As far as I understand it (which may be very limited as I am new to this!), factor(n) should accept a value of n=1 as 1 is a "real, nonnegative integer scalar", but should only return prime factors.
I believe that 1 is not regarded as a prime.
Given this, shouldn't the function return an empty/null row vector?
Thanks.
2 Kommentare
Andrew
vor 15 Minuten
John D'Errico
vor etwa 8 Stunden
A virtue of MATLAB is it is easily extensible, even trivially so. If the behavior of a function on a boundary case like this is a problem, then just write your own code, call it primeFactors. It could be as simple as this:
function Xfac = primeFactors(X)
% primeFactors - generate the list of all prime factors of X
if x >= 2
Xfac = factor(X);
else
Xfac = [];
end
end
And of course, primeFactors has your desired behavior, and is pedantically correct, in that 1 or 0 have no prime factorization under the fundamental theorem of arithmetic.
But as you recognize, changing the code would seem to make little sense. Even putting a switch in there, to return empty when the users desires that behavior for the edge cases seems needlessly complex. A comment in the help indicating the behavior on edge cases? Yes, of couse. That never hurts to remove any confusion.
Anyway, this is a good catch on your part, that the help needs to be updated to be made clear.
Akzeptierte Antwort
Weitere Antworten (2)
Technically, yes. If you want prod(factor(x)) to return x and the output of factor to only include prime numbers, having factor(1) return the empty matrix would be consistent.
But there would still be an inconsistency -- what should factor(0) return? 0 isn't prime. Having it error feels like it could be technically correct but practically annoying. [The fundamental theorem of arithmetic covers integer values greater than 1, so technically it doesn't apply to either of those cases.]
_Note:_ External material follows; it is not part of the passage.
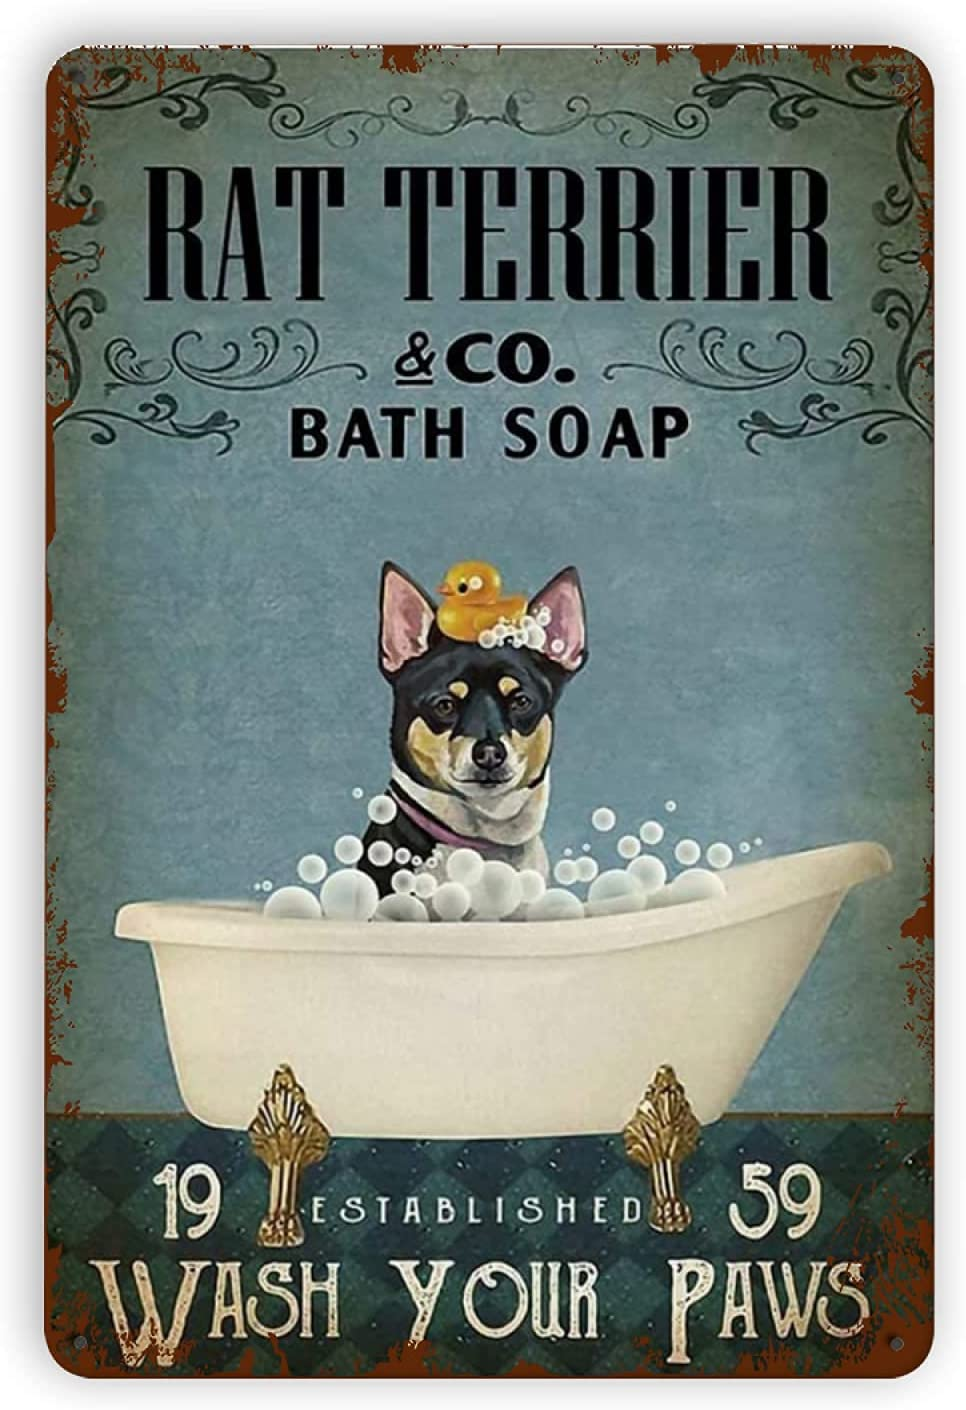 Wall Decor Dog Rat Terrier Bath Soap Metal Tin Signs Reproduction, Vintage Wall Decor Retro Art Tin Sign Funny Decorations for Home Bar Pub Cafe Farm Room Metal Plaque Classic Poster 12×16 Inch

Doing a little archaeology and going back to the earliest version of factor.m that I have access to (over 30 years old) I believe factor(1) would actually error (with an incorrect error message.)
Almost 27 years ago, factor.m was modified to just return the input if that input is non-negative and is less than 4. That code is still present in factor.m today. This optimization works for n = 3 and n = 2. It's this that causes factor to return 1 for n = 1 and 0 for n = 0. [Negative values are checked for and cause factor to error out on an earlier line of code.]
dbtype 29:34 factor.m
We could change how factor.m behaves in the n = 1 case (and in the n = 0 case as well.) But given how long this behavior has been in the product I'd be hesitant to change it without a good use case and an analysis of the potential impact of the incompatibility.
2 Kommentare
John D'Errico
vor 18 Minuten
@Steven Lord - I agree, that factor as applied to 0 or 1 should remain as they are. But I do think the help should reflect that.
Steven Lord
vor etwa eine Stunde
That's fair. They are edge cases and as such it's reasonable to ask that they be documented.
John D'Errico
am 1 Jul. 2026 um 17:22
Bearbeitet: John D'Errico
am 1 Jul. 2026 um 17:44
Yes, I agree, in that
f1 = factor(1)
could arguably return empty. 1 is not indeed prime, and so the result is inconsistent with the documentation.
I'd also note that
f0 = factor(0)
fails to return a set of prime factors. Again, 0 is not prime.
However, you could also argue that 1 is indeed a "factor" of the number 1. In fact, it is the only such number that divides 1, and is not itself reducible. It is just that 1 is technically not a prime factor of 1, which lacks any truly prime factors at all. It gets even more difficult to decide what should be returned for the factor(s) of 0. But the help for factor allows any non-negative arguement.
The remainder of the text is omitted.